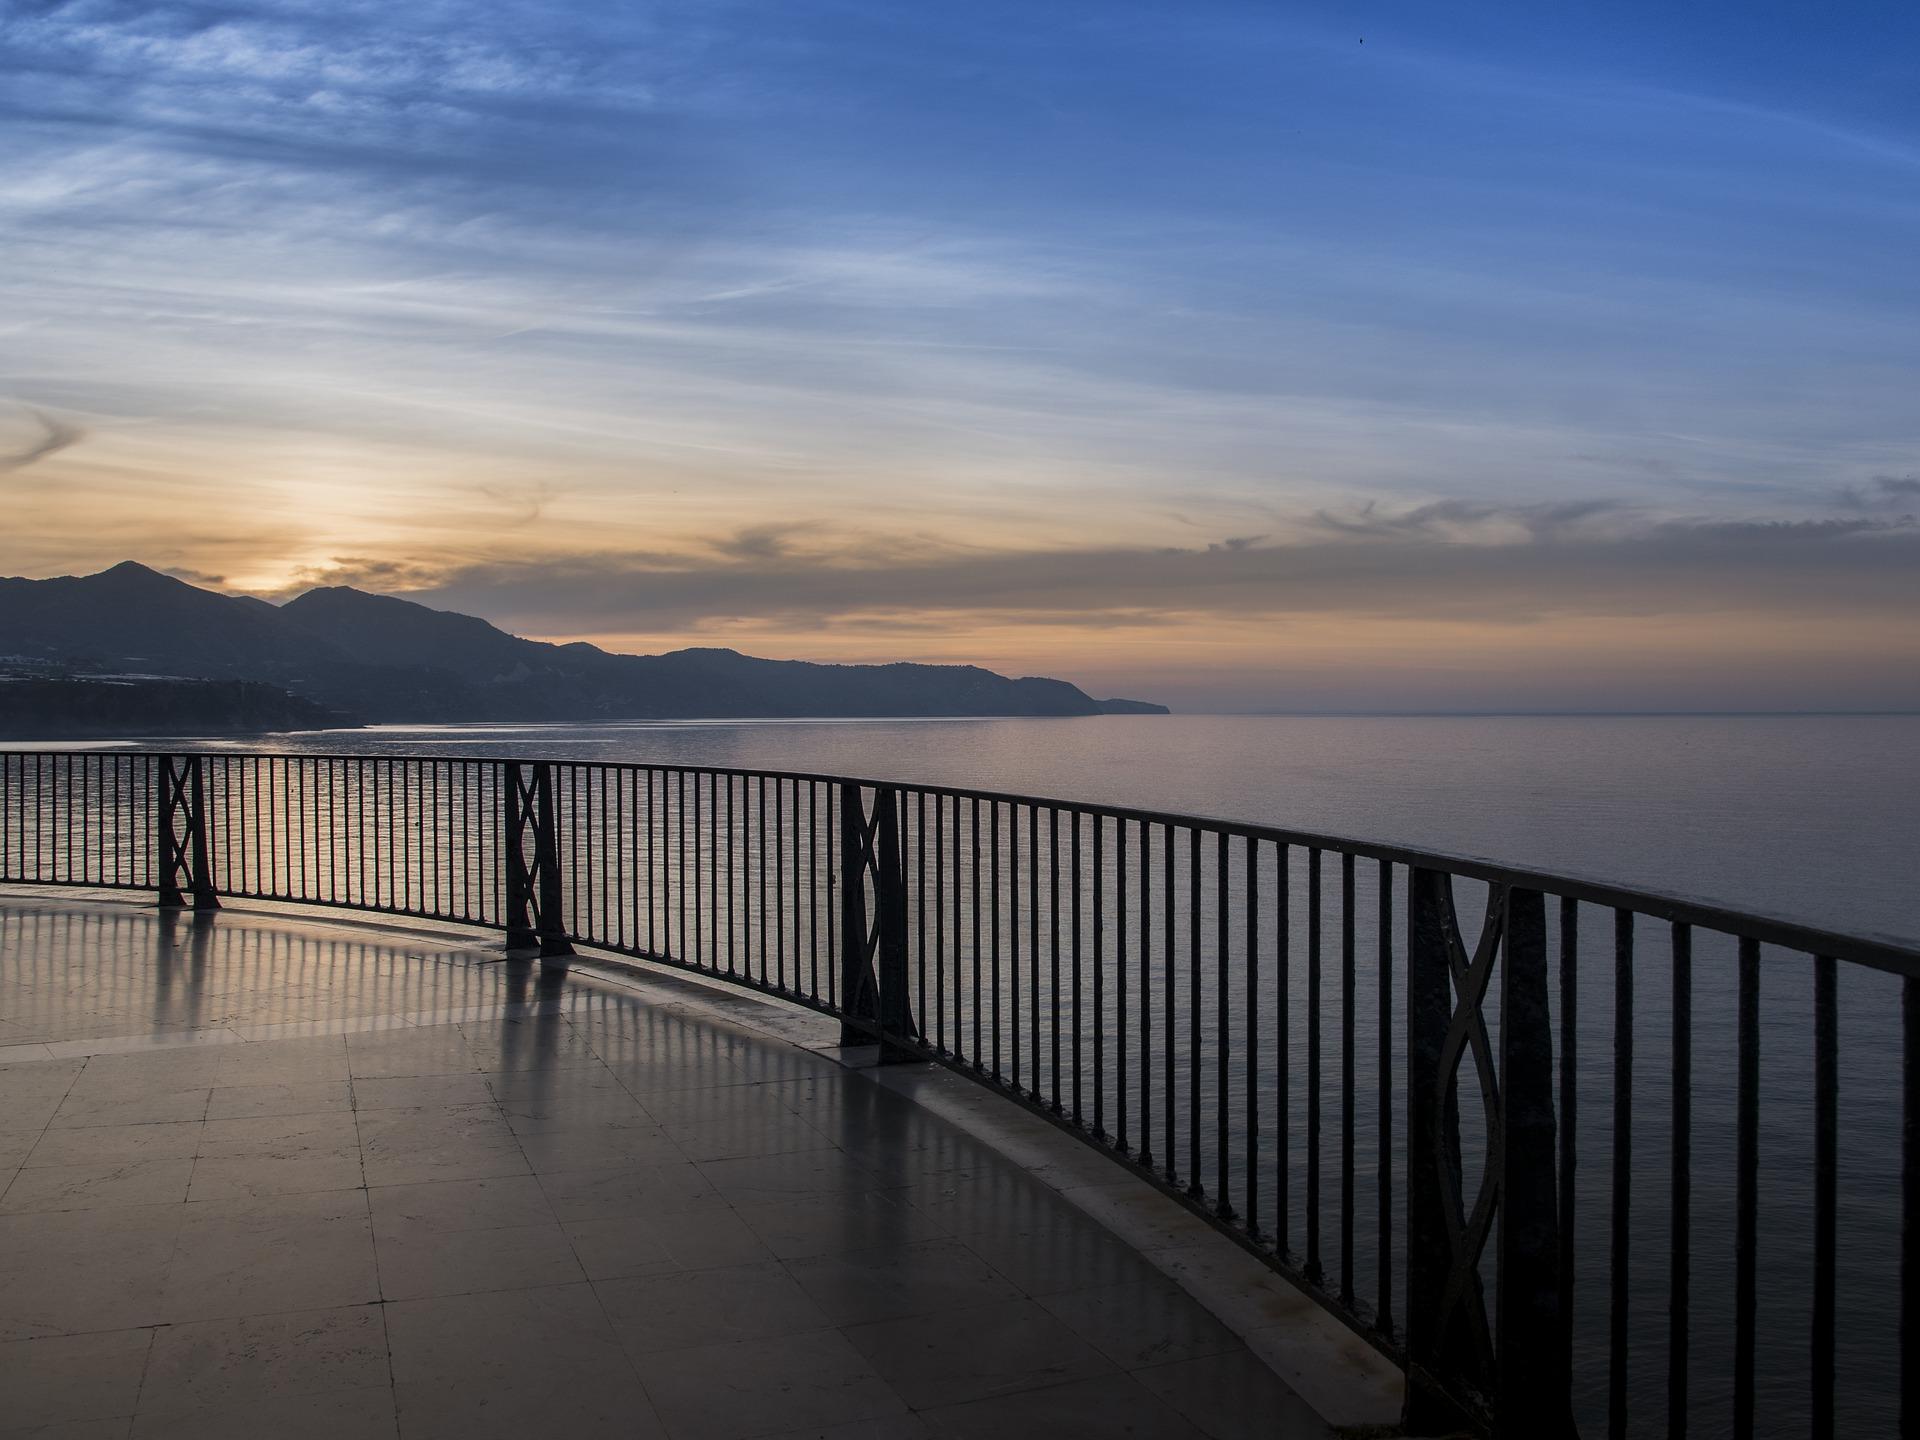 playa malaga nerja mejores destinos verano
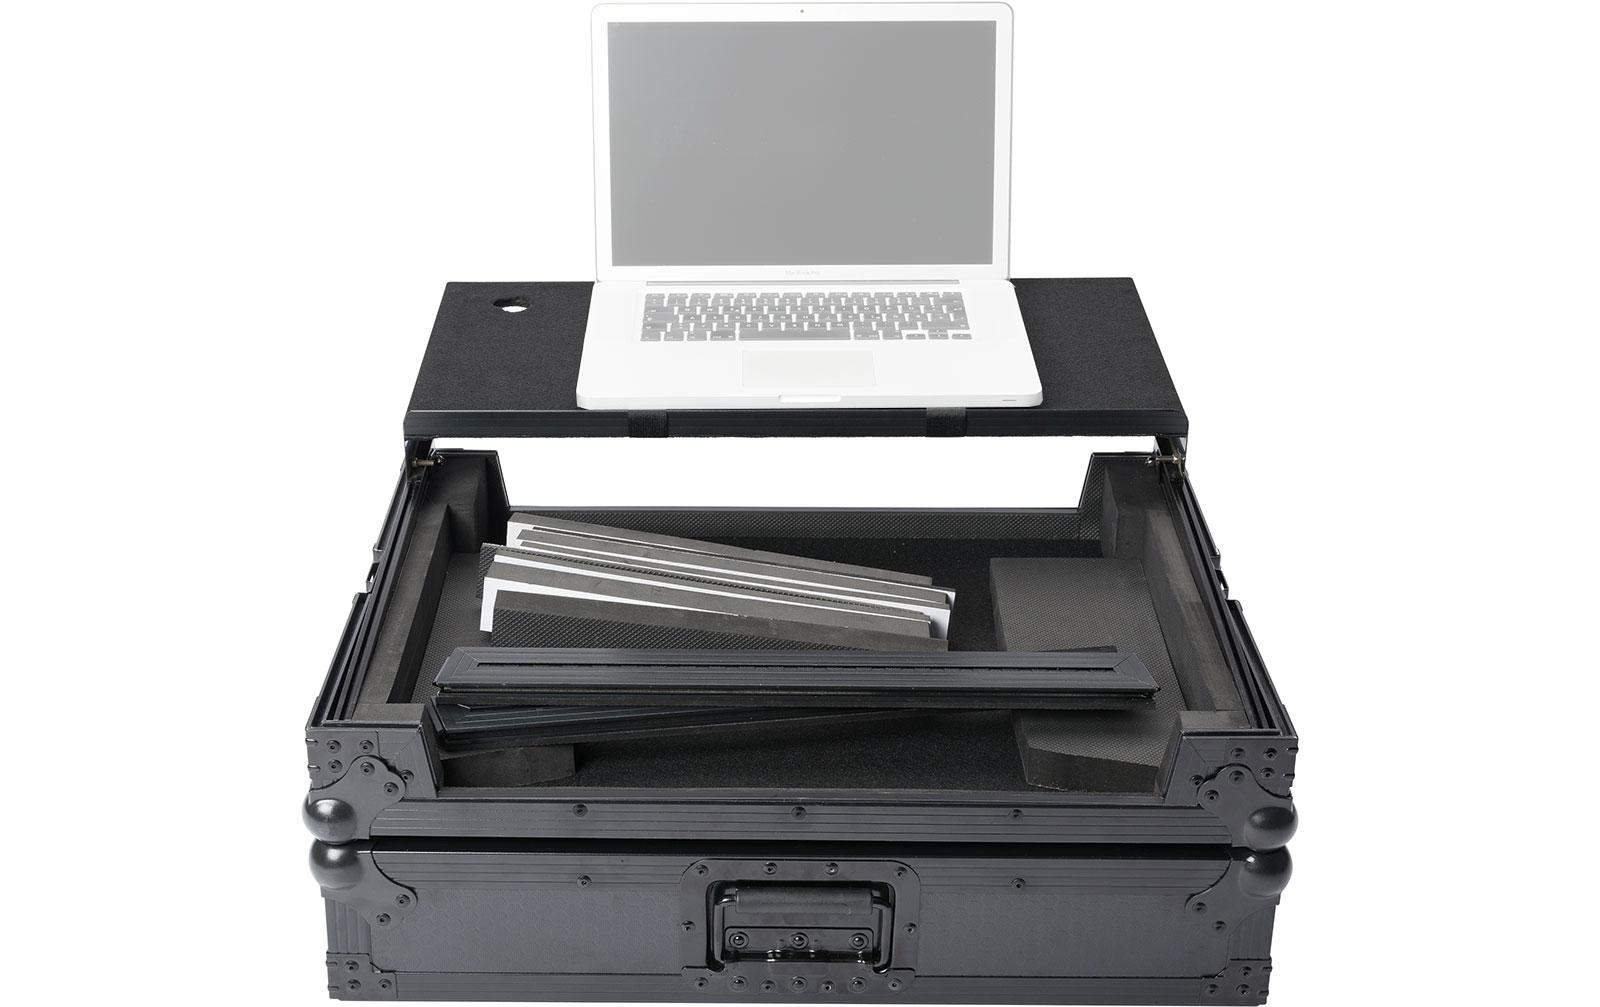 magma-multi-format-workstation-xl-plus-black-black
---
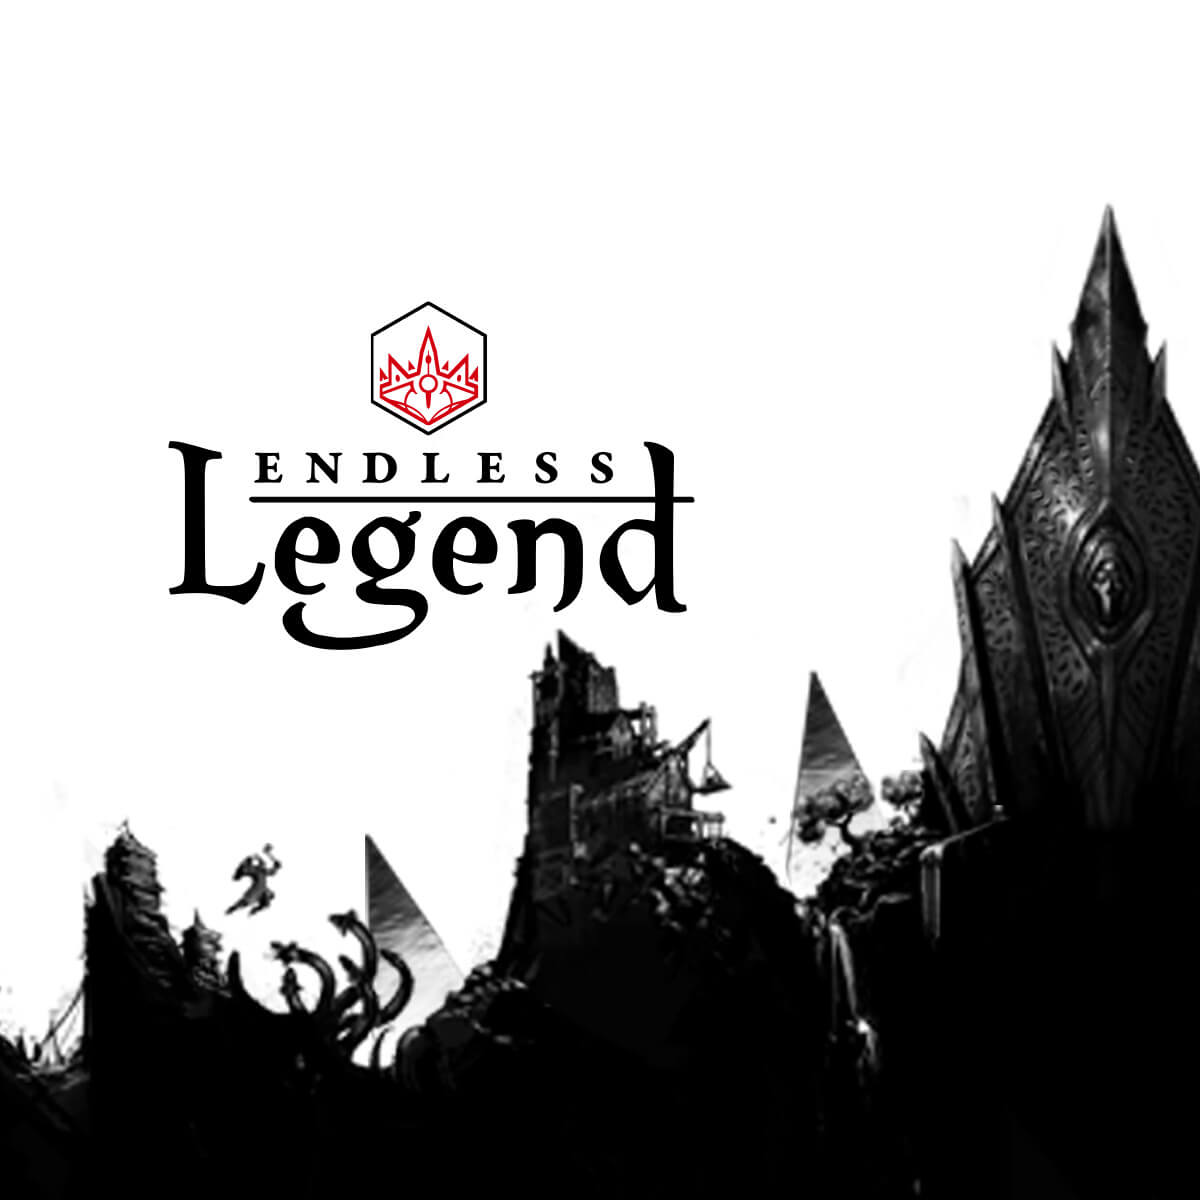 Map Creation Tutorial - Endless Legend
...
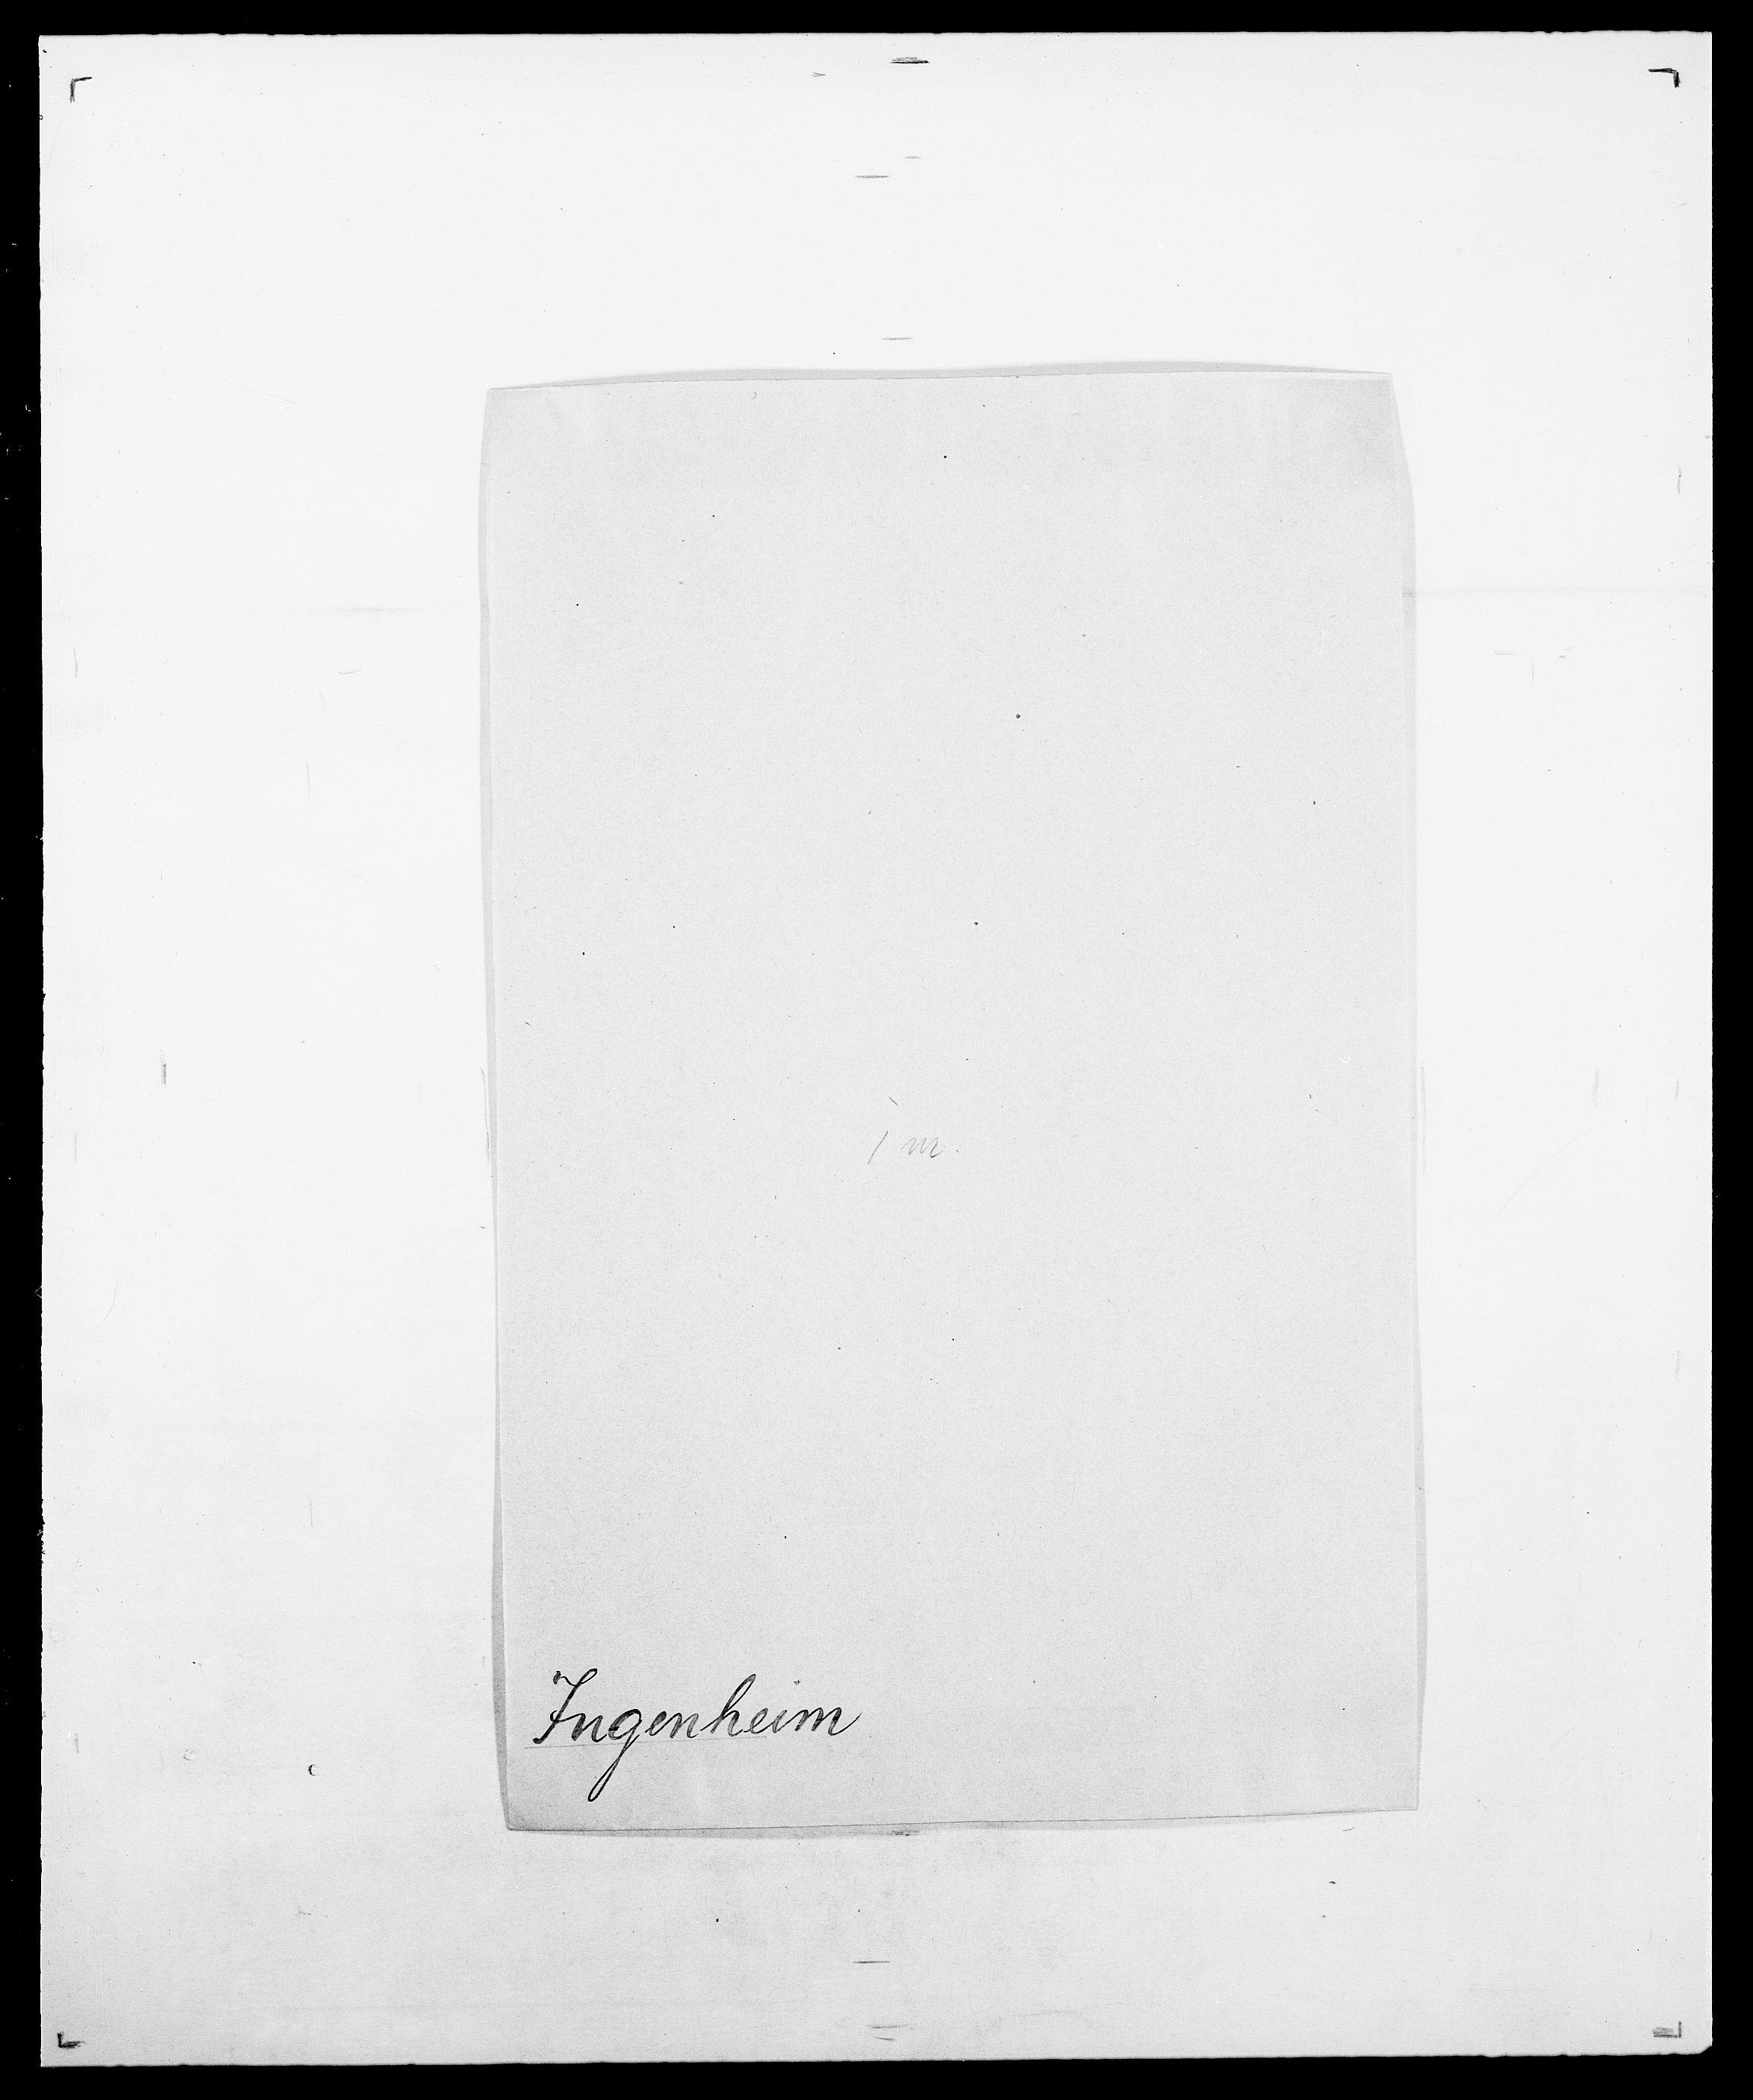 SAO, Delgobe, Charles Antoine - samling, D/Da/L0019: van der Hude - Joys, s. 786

> TASK BRIEF: Repeat exactly the lines above, beginning at the one containing "playa malaga nerja mejores destinos verano" and ending at the one containing "magma-multi-format-workstation-xl-plus-black-black". Do not carry over any pictures.

> RESULT OF THE EXERCISE:
 playa malaga nerja mejores destinos verano
 magma-multi-format-workstation-xl-plus-black-black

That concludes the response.